*What you are asked to do:* Write out again only the lines running from the one that contains "Pioneer DDJ-SZ 4" to the end of the records below, including both the first and the last.

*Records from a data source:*
Segment Open

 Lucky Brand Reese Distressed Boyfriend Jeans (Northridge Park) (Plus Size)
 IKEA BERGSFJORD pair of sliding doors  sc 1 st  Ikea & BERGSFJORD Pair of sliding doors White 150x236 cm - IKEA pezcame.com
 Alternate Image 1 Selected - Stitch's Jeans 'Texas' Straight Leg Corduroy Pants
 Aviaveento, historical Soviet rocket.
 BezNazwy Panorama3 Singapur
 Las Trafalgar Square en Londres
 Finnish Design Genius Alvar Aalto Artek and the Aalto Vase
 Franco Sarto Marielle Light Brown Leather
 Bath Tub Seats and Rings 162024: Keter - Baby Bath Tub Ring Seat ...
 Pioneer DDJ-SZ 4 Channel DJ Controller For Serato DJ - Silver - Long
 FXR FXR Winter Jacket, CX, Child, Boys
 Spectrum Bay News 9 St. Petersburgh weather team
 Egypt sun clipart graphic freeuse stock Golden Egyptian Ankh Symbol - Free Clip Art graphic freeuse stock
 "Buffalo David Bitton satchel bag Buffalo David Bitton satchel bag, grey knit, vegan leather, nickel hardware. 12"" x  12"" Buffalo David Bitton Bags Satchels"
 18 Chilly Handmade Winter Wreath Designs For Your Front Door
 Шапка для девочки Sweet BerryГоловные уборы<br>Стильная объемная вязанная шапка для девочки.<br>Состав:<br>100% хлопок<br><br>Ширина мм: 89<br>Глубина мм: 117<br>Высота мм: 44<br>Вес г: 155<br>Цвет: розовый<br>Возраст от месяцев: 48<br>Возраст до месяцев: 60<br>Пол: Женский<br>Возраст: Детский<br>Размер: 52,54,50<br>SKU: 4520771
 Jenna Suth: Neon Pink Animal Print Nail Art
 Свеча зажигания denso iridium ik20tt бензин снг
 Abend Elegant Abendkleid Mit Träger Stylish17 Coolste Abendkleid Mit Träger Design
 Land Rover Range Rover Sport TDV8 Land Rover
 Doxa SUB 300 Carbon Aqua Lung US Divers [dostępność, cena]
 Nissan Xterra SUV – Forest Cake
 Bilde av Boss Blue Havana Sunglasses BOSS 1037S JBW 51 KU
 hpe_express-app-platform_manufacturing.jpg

Segment Closed

*Solution to this task:*
 Pioneer DDJ-SZ 4 Channel DJ Controller For Serato DJ - Silver - Long
 FXR FXR Winter Jacket, CX, Child, Boys
 Spectrum Bay News 9 St. Petersburgh weather team
 Egypt sun clipart graphic freeuse stock Golden Egyptian Ankh Symbol - Free Clip Art graphic freeuse stock
 "Buffalo David Bitton satchel bag Buffalo David Bitton satchel bag, grey knit, vegan leather, nickel hardware. 12"" x  12"" Buffalo David Bitton Bags Satchels"
 18 Chilly Handmade Winter Wreath Designs For Your Front Door
 Шапка для девочки Sweet BerryГоловные уборы<br>Стильная объемная вязанная шапка для девочки.<br>Состав:<br>100% хлопок<br><br>Ширина мм: 89<br>Глубина мм: 117<br>Высота мм: 44<br>Вес г: 155<br>Цвет: розовый<br>Возраст от месяцев: 48<br>Возраст до месяцев: 60<br>Пол: Женский<br>Возраст: Детский<br>Размер: 52,54,50<br>SKU: 4520771
 Jenna Suth: Neon Pink Animal Print Nail Art
 Свеча зажигания denso iridium ik20tt бензин снг
 Abend Elegant Abendkleid Mit Träger Stylish17 Coolste Abendkleid Mit Träger Design
 Land Rover Range Rover Sport TDV8 Land Rover
 Doxa SUB 300 Carbon Aqua Lung US Divers [dostępność, cena]
 Nissan Xterra SUV – Forest Cake
 Bilde av Boss Blue Havana Sunglasses BOSS 1037S JBW 51 KU
 hpe_express-app-platform_manufacturing.jpg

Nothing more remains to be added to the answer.